■ Dataset section:
▼

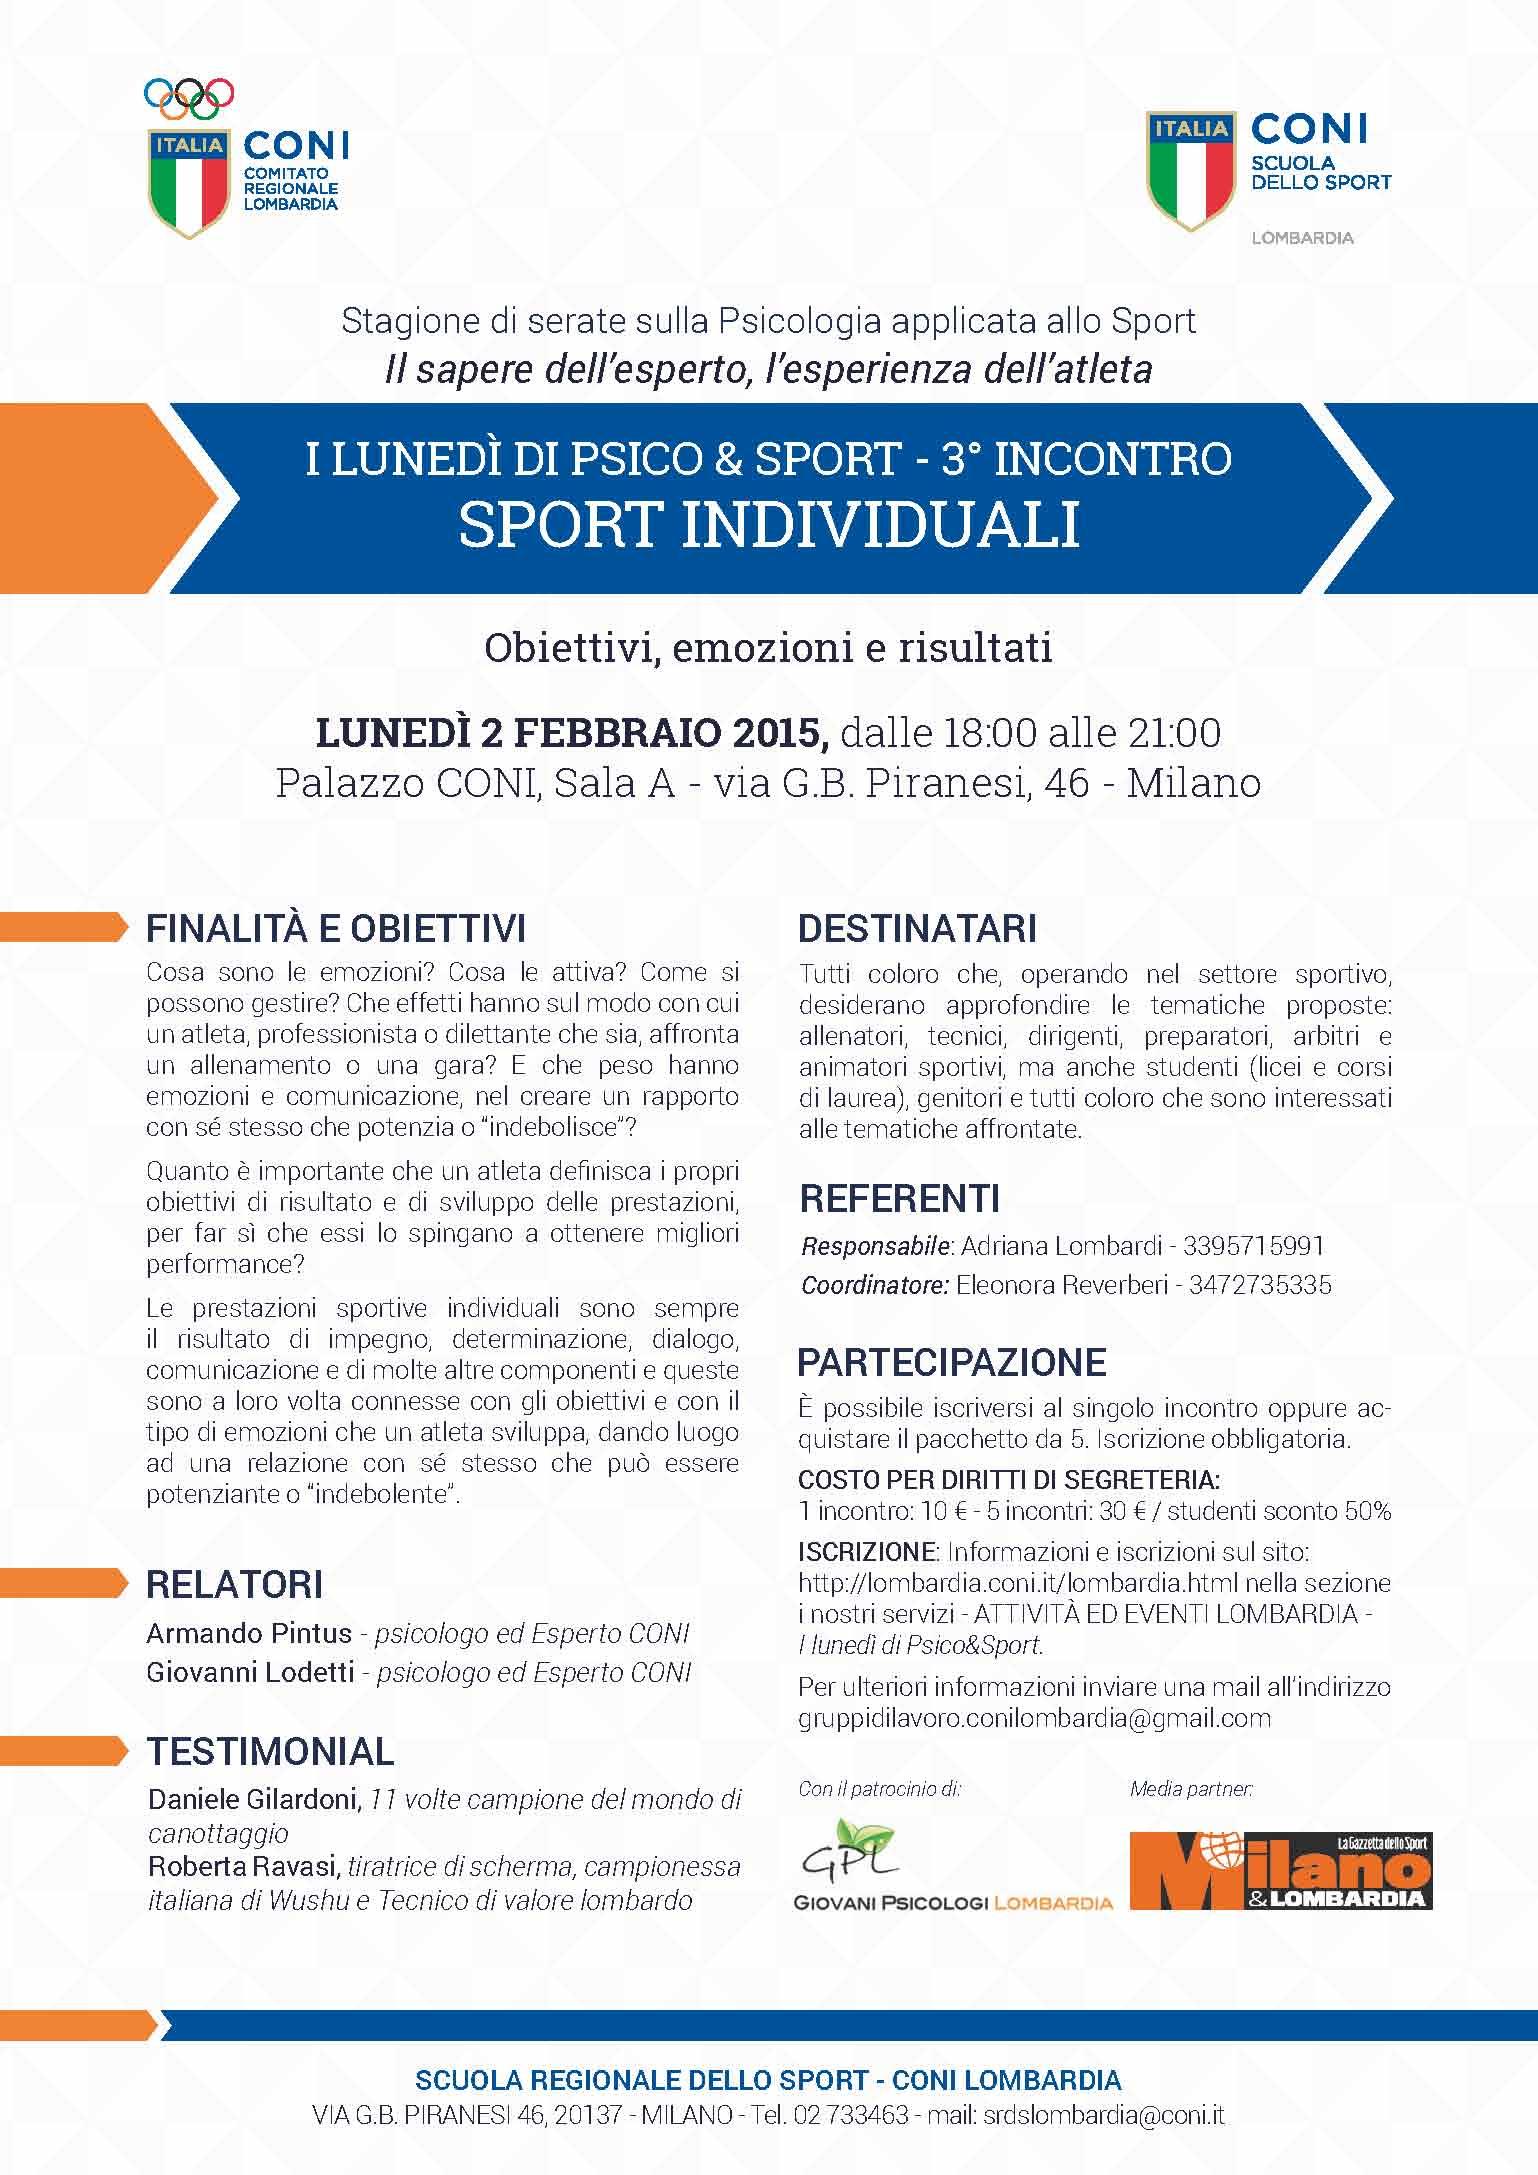 Conferenza su L'Importanza degli Obiettivi e delle Emozioni per ottenere i Risultati negli Sport Individuali –  Palazzo CONI Lombardia – 2 febbraio 2015
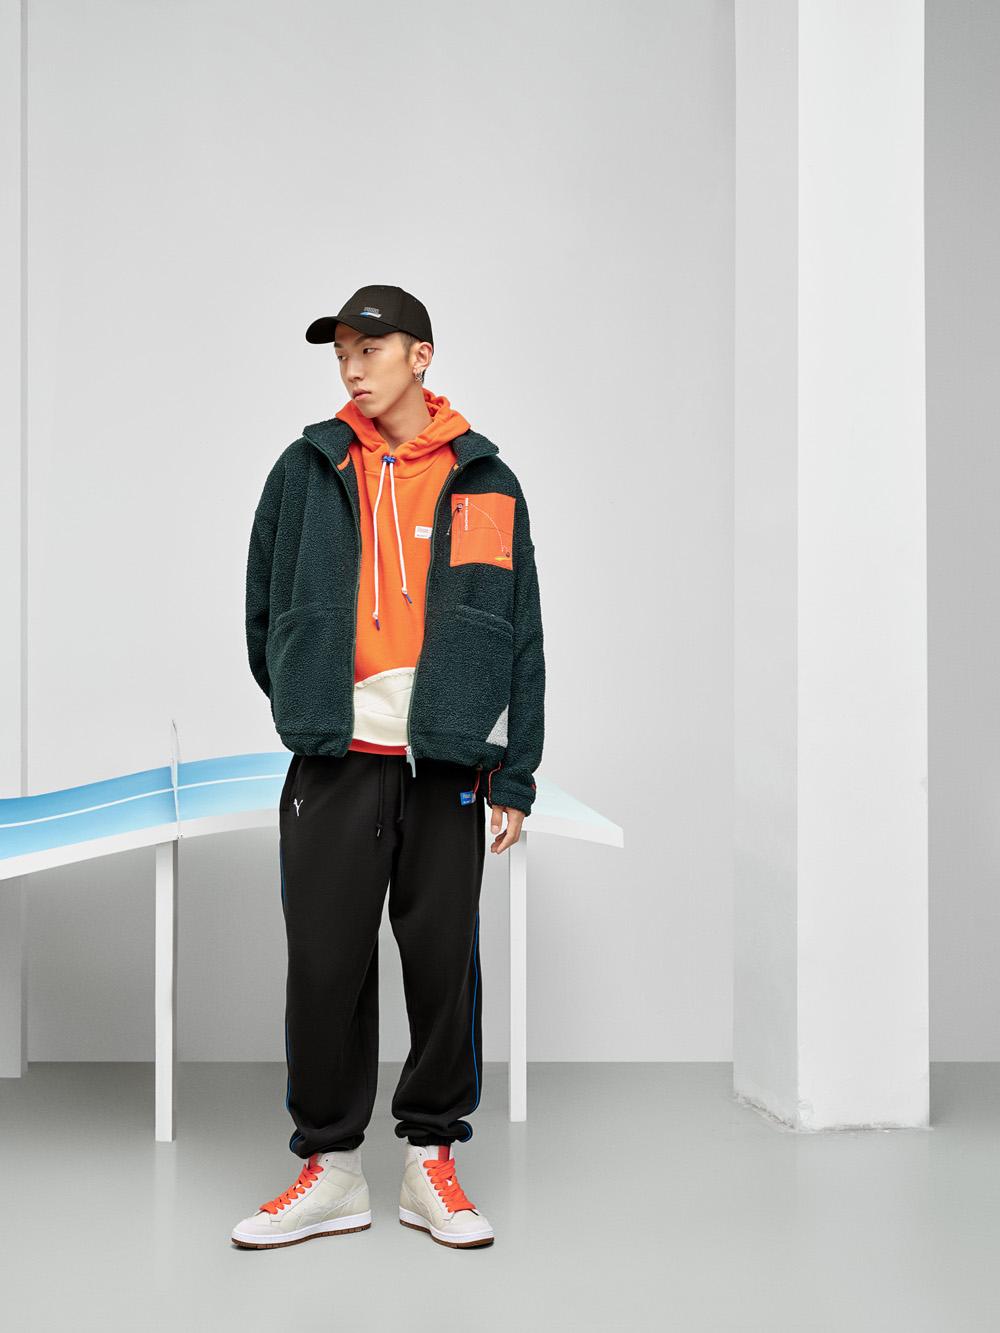 PUMA,ROARINGWILD,发售  王嘉尔和无数明星都穿过的中国潮牌!新联名帅到我了!刚刚发售!
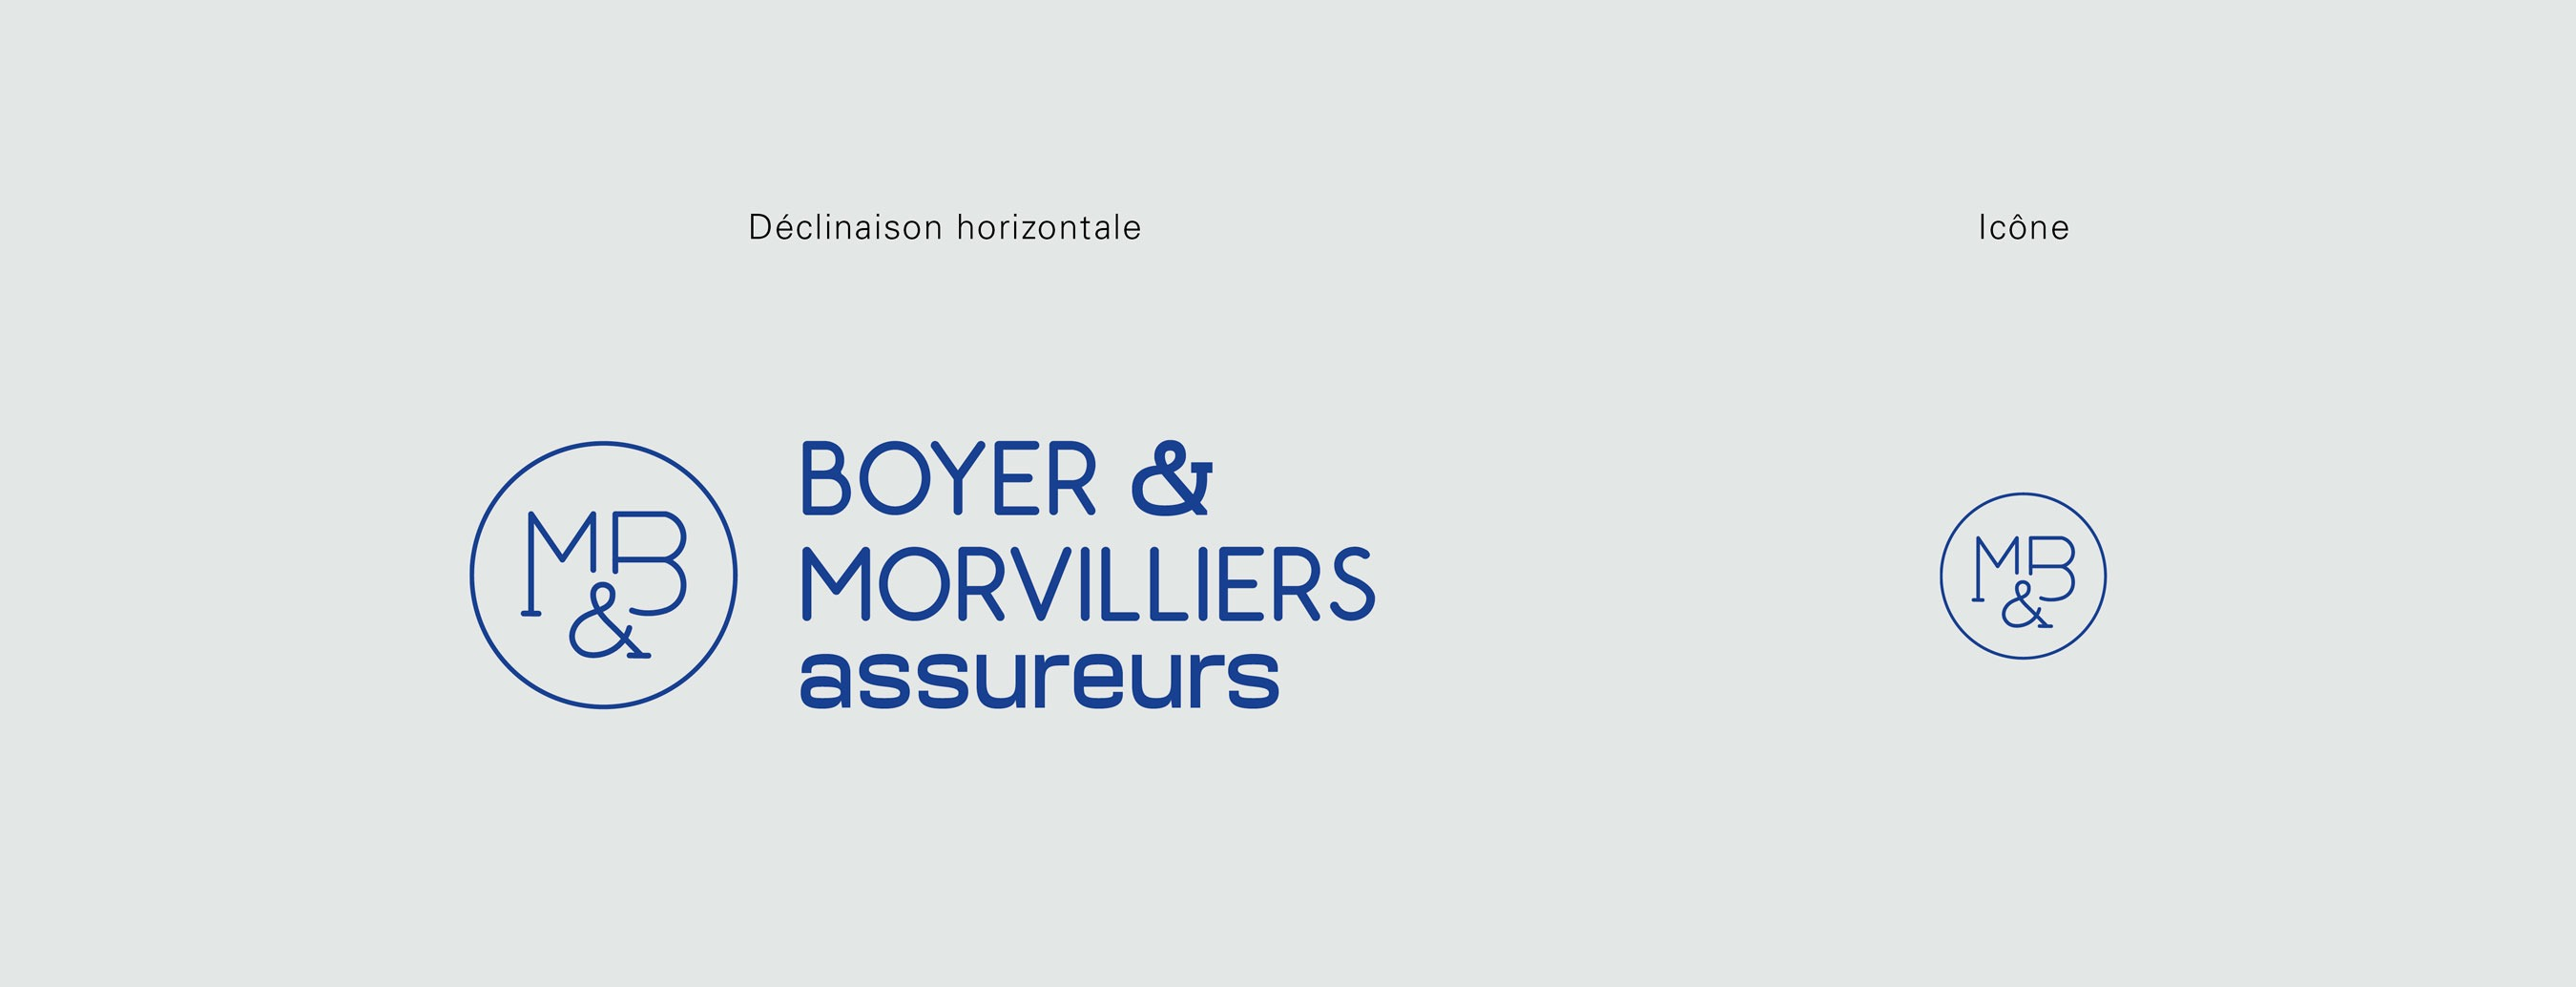 Boyer & Morvilliers 6

▲

■ Activity: When you return the listing, keep it exact and omit any pictures it holds.

■ Answer for the task:
 Conferenza su L'Importanza degli Obiettivi e delle Emozioni per ottenere i Risultati negli Sport Individuali –  Palazzo CONI Lombardia – 2 febbraio 2015
 PUMA,ROARINGWILD,发售  王嘉尔和无数明星都穿过的中国潮牌!新联名帅到我了!刚刚发售!
 Boyer & Morvilliers 6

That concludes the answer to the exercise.